The Howard government previously attempted to nobble HREOC with similar legislation in 1998 but this failed to win majority Senate support. The current proposals are being introduced in the context of the US-led “war against terrorism” and the occupation of Iraq, in the hope that this will deflect attention from their undemocratic character.
Nor is it coincidental that the legislation was tabled at the same time as Professor Alice Tay’s five-year term as HREOC president expired, severely compromising the organisation’s ability to defend itself.
Despite this, Professor Tay said she would “fight to the death”, warning that the legislation constituted a political attack on HREOC. “It’s not for me to read the minds of the government, the cabinet, the Attorney General and the department of the Attorney General, but there’s no doubt that [HREOC] intervention in the last couple of years on detention issues have been an irritant to the government,” she said.
A press release issued by HREOC said the proposals were “at odds with the Commission’s role as an independent body, responsible for monitoring and promoting Australia’s compliance with its human rights obligations”. It condemned requirements for HREOC to secure Attorney General approval when intervening in legal disputes involving human rights, declaring: “It is inappropriate that a party to the litigation should also have a ‘gatekeeper function’ in relation to potential interveners.”
The proposed legislation has been widely opposed by other human rights bodies and civil rights lawyers. The Australian Council of Human Rights Agencies chair, Dr. Diane Sisely, described the government moves as a “dangerous violation of HREOC’s role” which would “lead to a serious erosion of human rights protection” in Australia.
Eithne Mills, a family law lecturer at Deakin University, said that the government was “tightening the noose” on human rights protections in order to punish HREOC for its interventions against the government in human rights cases. Mills claimed that the legislation would “disable the commission” and give the Attorney General “a considerable amount of power”. Prominent lawyer and journalist Richard Ackland derided government claims that its measures would strengthen human rights in Australia as a “graphic piece of Orwellian double talk”.

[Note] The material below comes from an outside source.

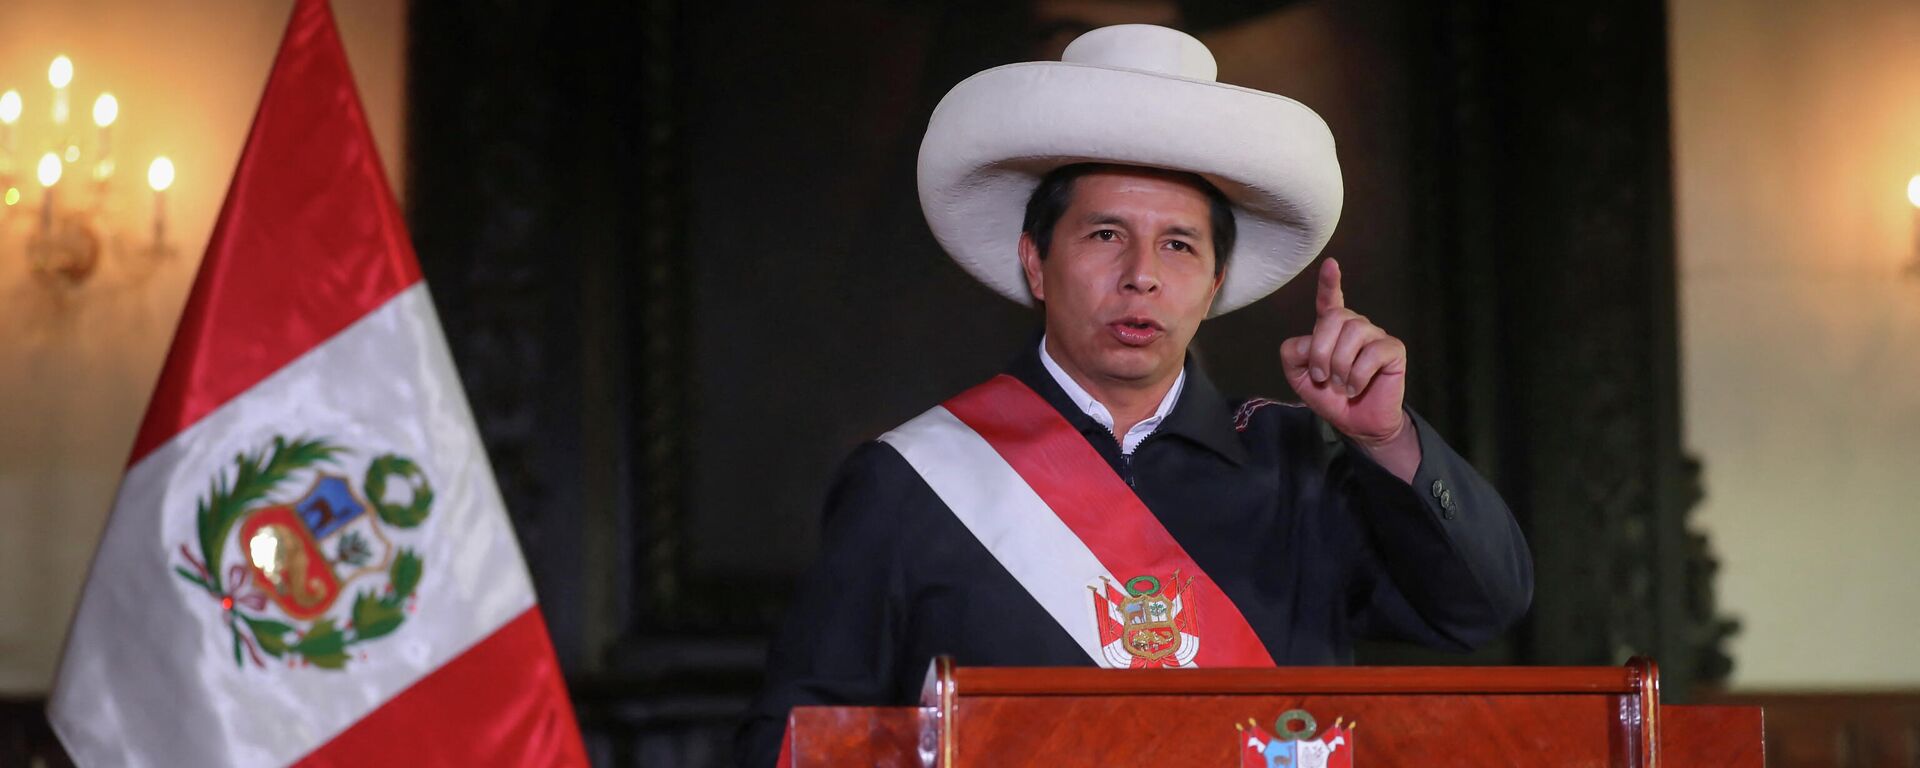 O presidente do Peru, Pedro Castillo, discursa em Lima, capital do país, em 4 de fevereiro de 2022 - Sputnik Brasil, 1920, 08.02.2022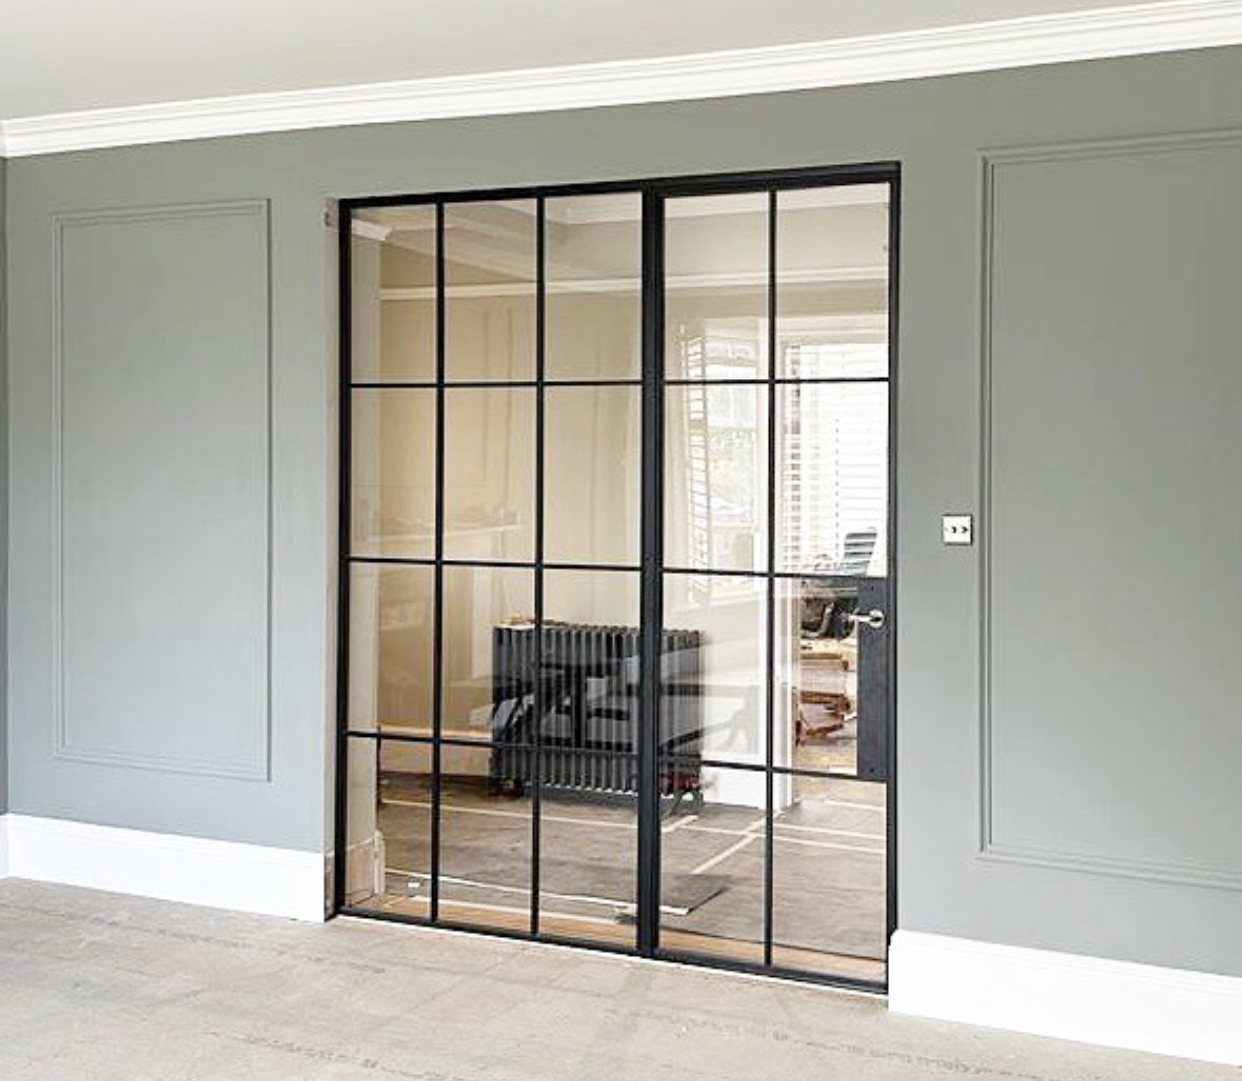 Steel and glass living room doors

The government’s complete disregard for these criticisms was demonstrated on April 11 at the Standing Committee of Attorneys General Conference in Melbourne. When the Victorian Attorney General forwarded a motion condemning the changes, Daryl Williams walked out of the conference, refusing to permit a debate on the new measures.
It is not clear whether the government, which does not have majority in the Senate, will be able to muster enough upper house votes to pass the legislation. While senators from the Australian Labor Party, Democrats and Greens have made mild criticisms; it is likely the government will offer superficial concessions to secure opposition support.
Whether the Human Rights Commission Legislation Bill becomes law, the very fact that the Howard government can introduce such legislation is a revealing indicator of Labor’s complicity in the government’s attacks. On a raft of human rights issues, from the expansion of the powers of ASIO, to immigration and refugee issues, the Labor Party has offered only the mildest tactical criticisms of the government’s policies. This has allowed Howard and his ministers to press ahead unchallenged with their ongoing assault on basic democratic rights.